The researchers take the training pipeline for ResNet-50 on ImageNet as a typical example of large-scale computer vision programs. Before applying a mini-batch stochastic gradient descent (SGD) update, the various stages — including from Read and decode to Batch — cannot benefit from the acceleration brought by specialized hardware accelerators. To reclaim idle accelerator capacity, rather than waiting for more data, the proposed data echoing approach inserts a state in the pipeline that repeats (echoes) data from the previous stage. “Once a practitioner identifies the largest bottleneck in the training pipeline, they can insert an echoing stage after it to reclaim idle accelerator capacity,” the researchers note.
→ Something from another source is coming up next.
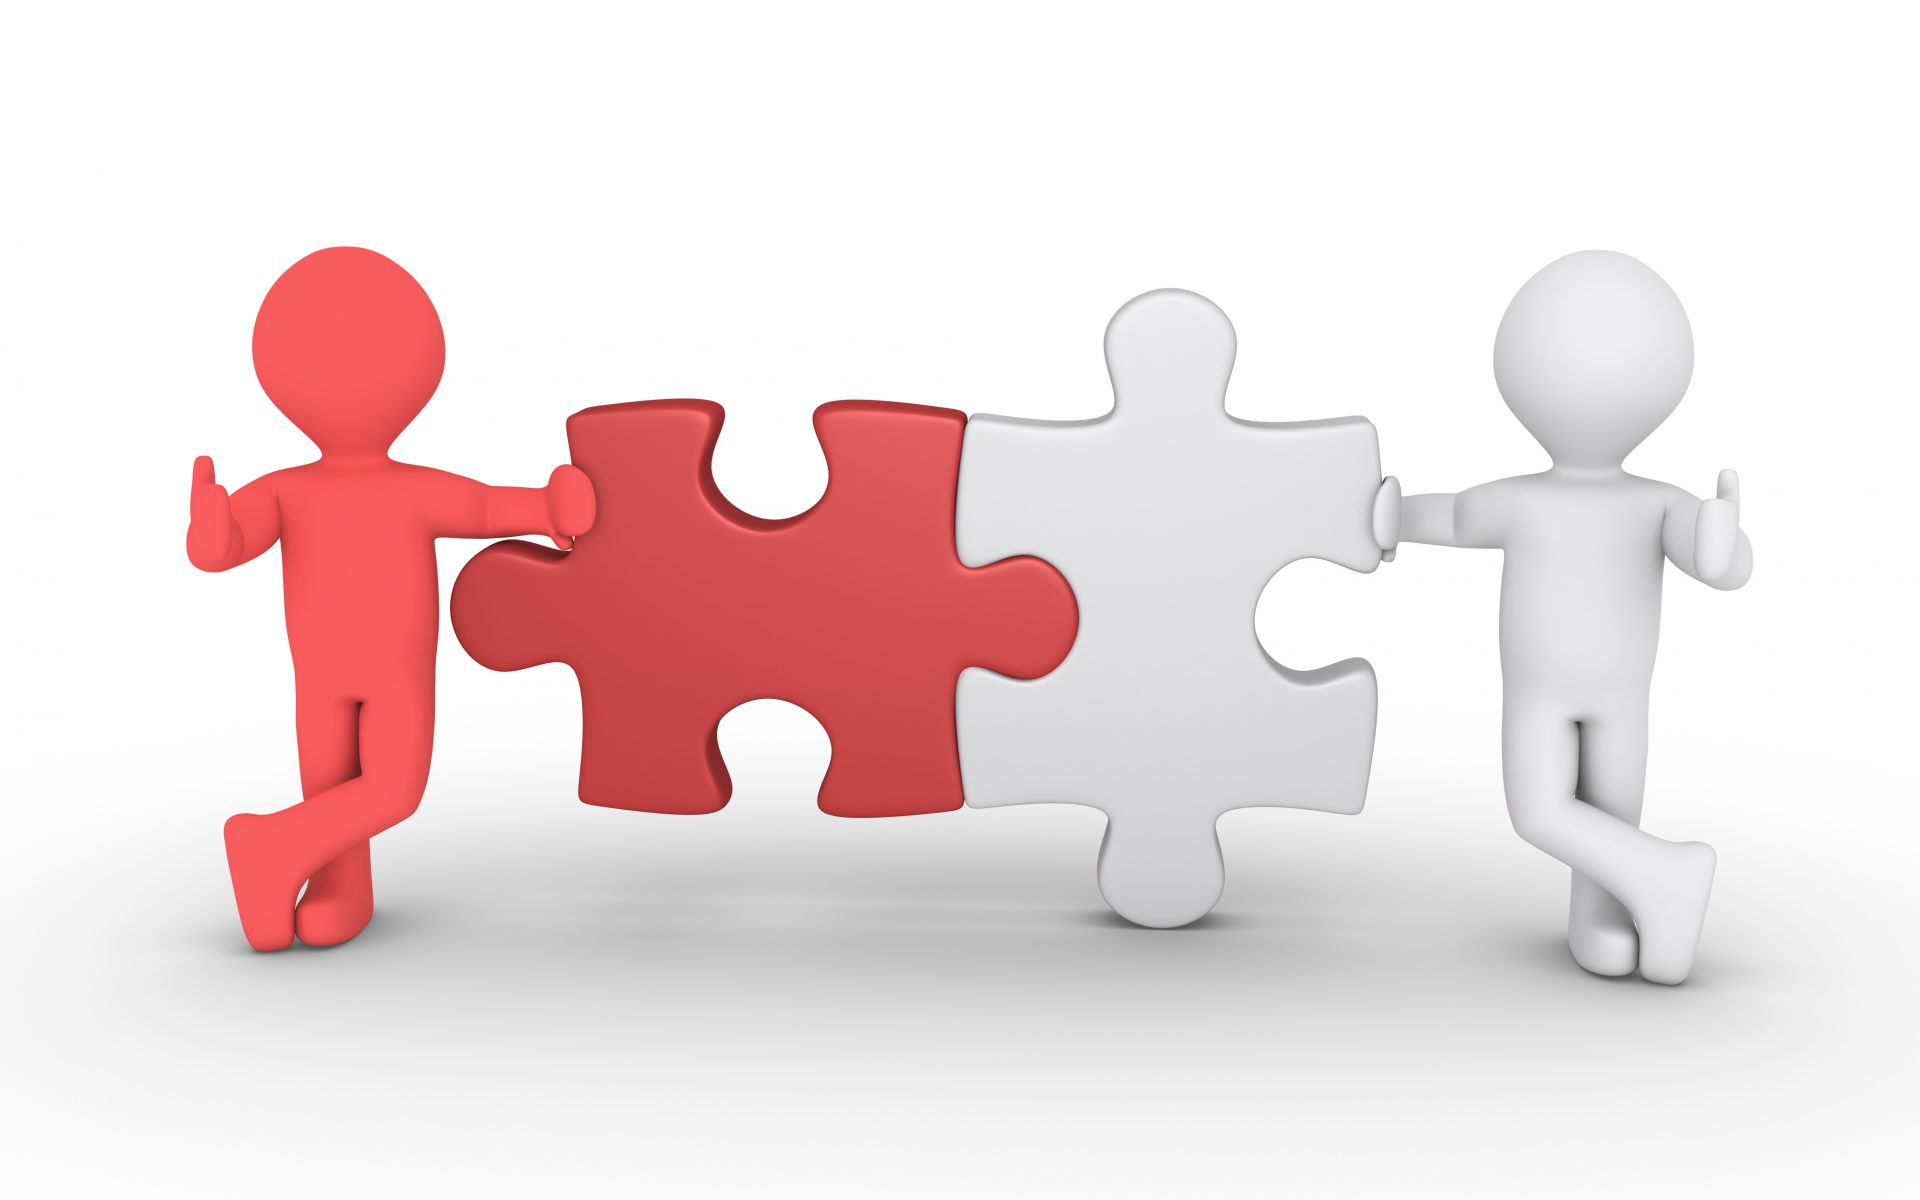 Two puzzle connection concept

The data echoing method was examined over various datasets on two language modelling tasks, two image classification tasks, and one object detection task. In all cases it reduced the amount of upstream computation needed to reach a better out-of-sample error. The researchers for example found that data echoing achieved a 3x training speed up with a ResNet-50 model trained on the ImageNet dataset.

image.png
image.png

The Google Brain team believes data echoing can prove a simple and effective strategy for speeding up training by increasing hardware utilization when the training pipeline has a bottleneck in upstream stages.

The paper Faster Neural Network Training with Data Echoing is on arXiv.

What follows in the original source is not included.